Note: We strongly recommend creating a separate conda environment to run this tutorial. You can do so using:

conda create --name scoped python=3.12

Earthquake detection on AWS Batch with SeisBench and PyOcto#

In this tutorial, we use SeisBench and PyOcto to generate a deep learning earthquake catalog. We read the input data from the S3 repository of the NCEDC and write all picks and associated events to a MongoDB database. We use Amazon EC2 Batch with Fargate to parallelise the computations.

Note: This tutorial focuses on the cloud integration of the tools described here. For a deeper dive into the SeisBench and PyOcto, have a look at the tutorials on their Github pages.

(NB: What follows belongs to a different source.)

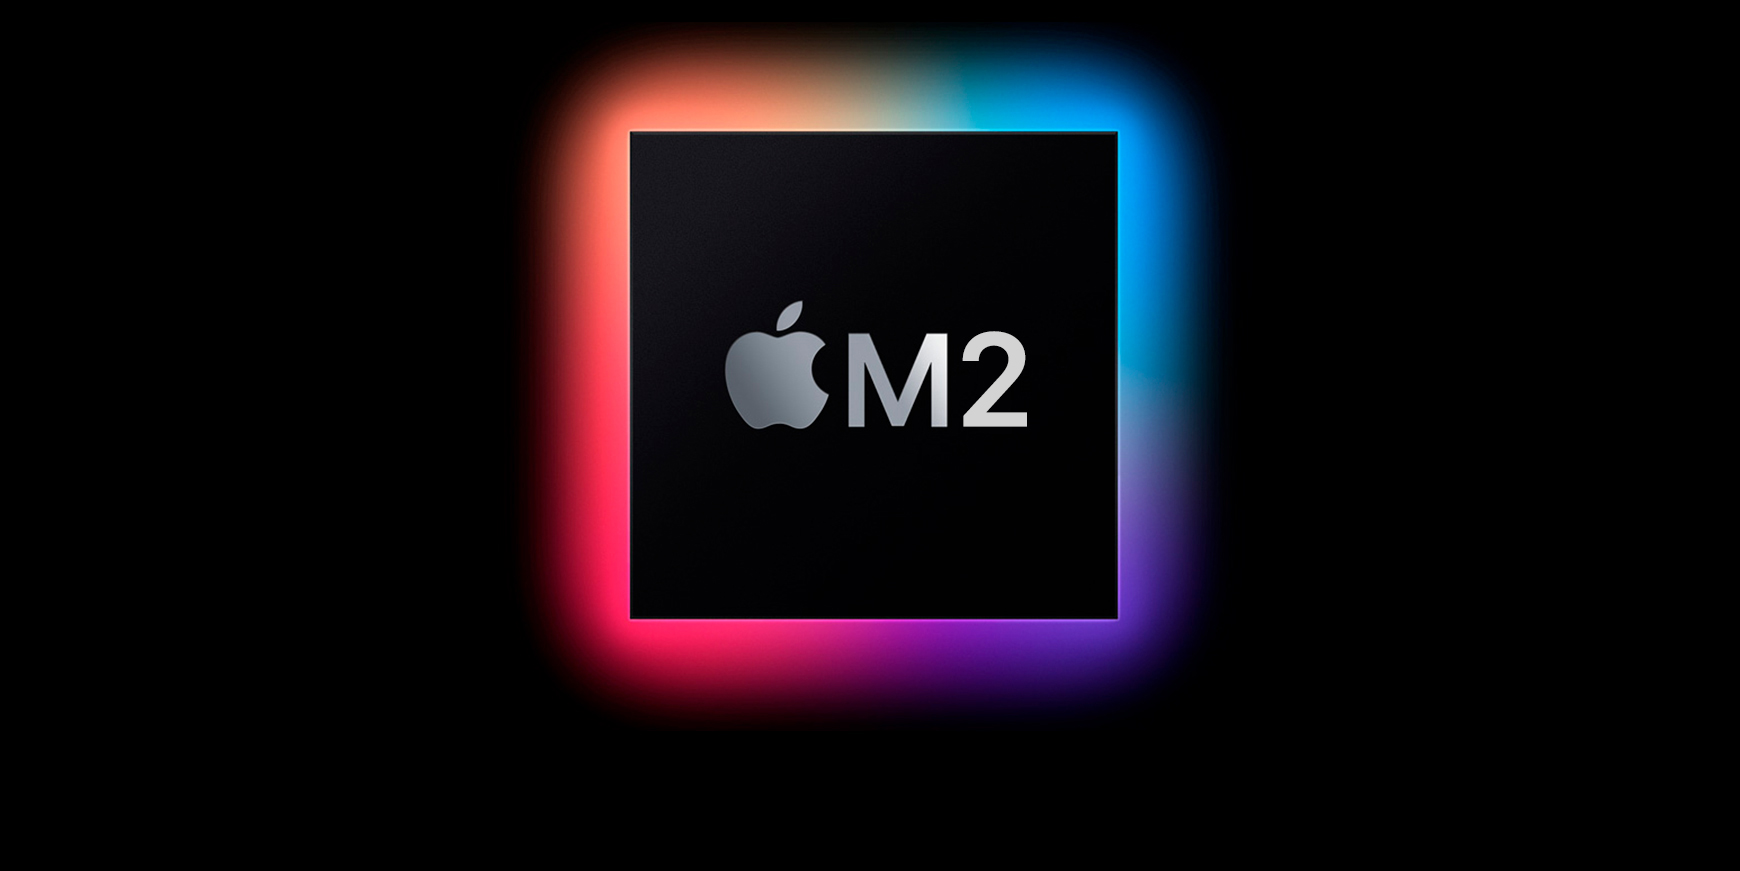 M2-chip
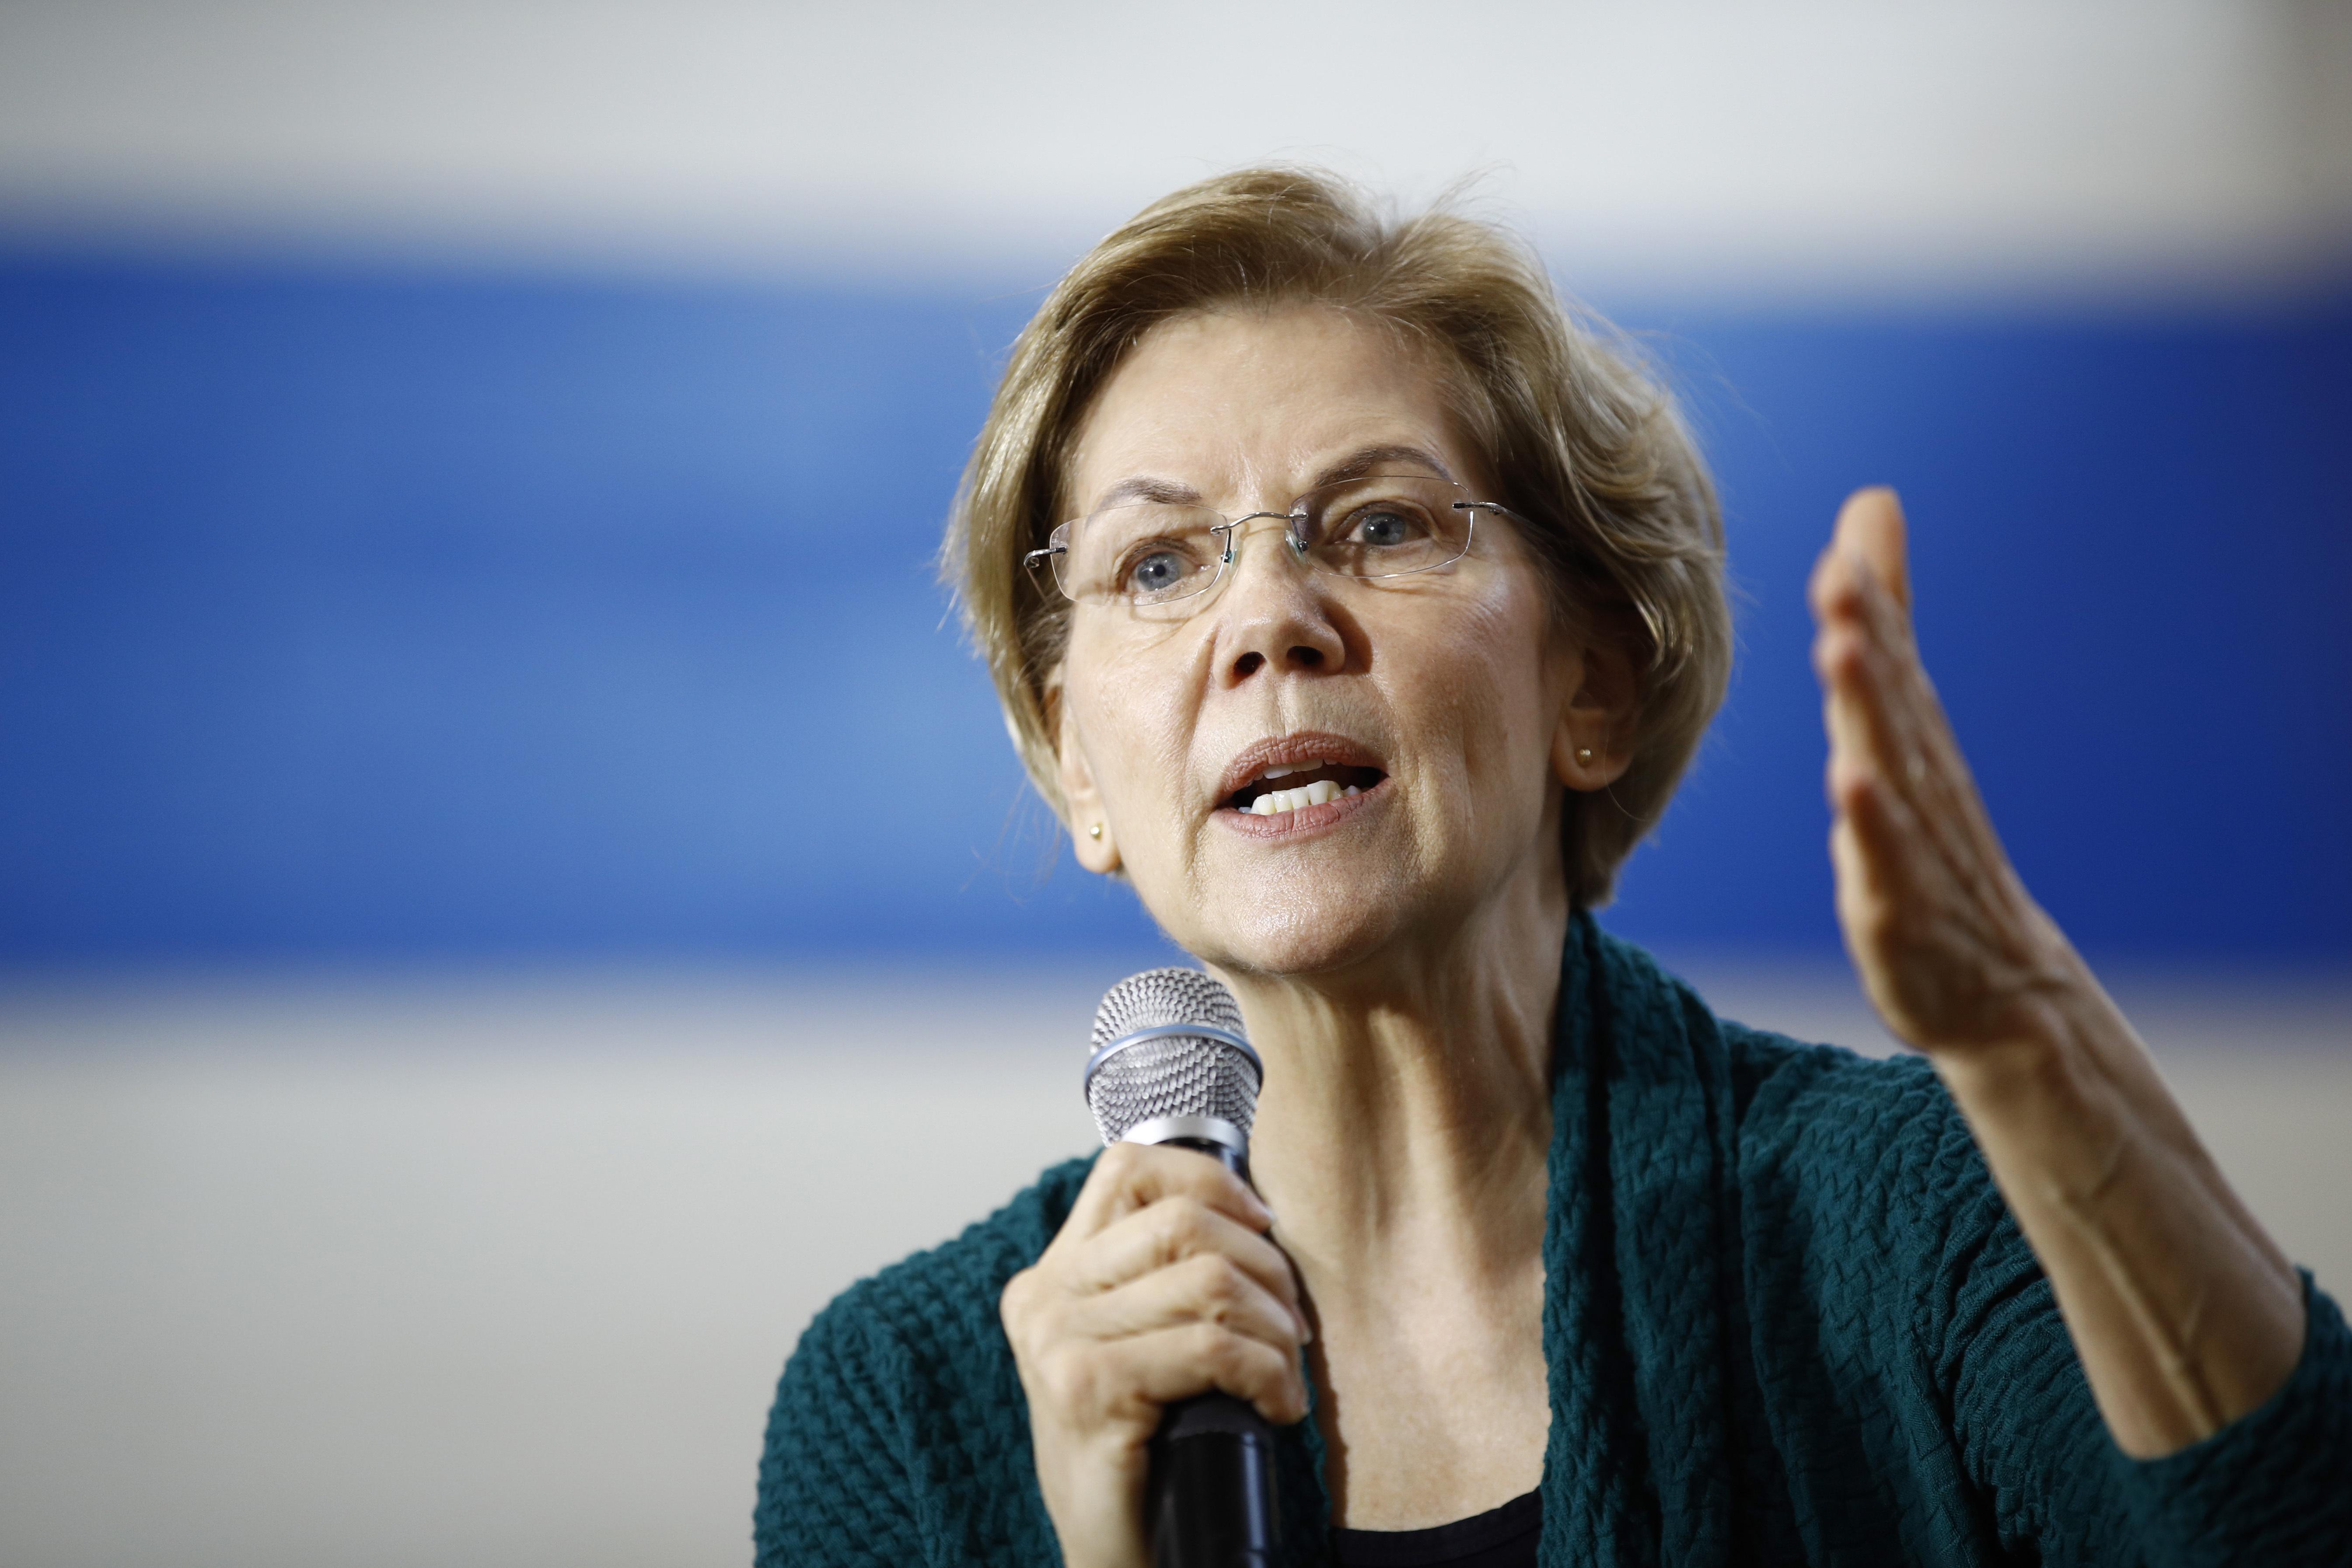 Elizabeth Warren asks Brazil to drop charges against Glenn Greenwald, slams 'state retaliation'

This tutorial is based on the NoisePy on AWS Batch tutorial.

0. Background on earthquake catalog generation#

Before getting into the actual tutorial, let’s take a few lines to describe the workflow and the tools we are using. Earthquake catalog generation is typically a two-step process. First, a phase picker identifies a set of (potential) phase arrival times in a set of continuous waveforms. Second, these phases are passed to a phase associator that groups the phase arrivals into events by identifying which picks fit to a consistent origin. This step also helps identifying false picks, as these will usually not correspond to consistent onsets.

For phase detection and picking, we use the models integrated in SeisBench. SeisBench is a toolbox for machine learning in seismology, offering a wide selection of data sets, models, and training pipelines. In particular, it contains a collection of pretrained phase picking models, i.e., ready-to-use versions of, e.g., EQTransformer or PhaseNet trained on different datasets. In this tutorial, we will be using PhaseNet trained on the INSTANCE dataset, a large, well-curated dataset from Italy.

For phase association, we will be using PyOcto. PyOcto is a high-throughput seismic phase associator. It was built specifically to deal with the high number of phase picks coming from modern deep learning pickers in dense seismic sequences. PyOcto internally uses an iterative 4D search scheme in space-time.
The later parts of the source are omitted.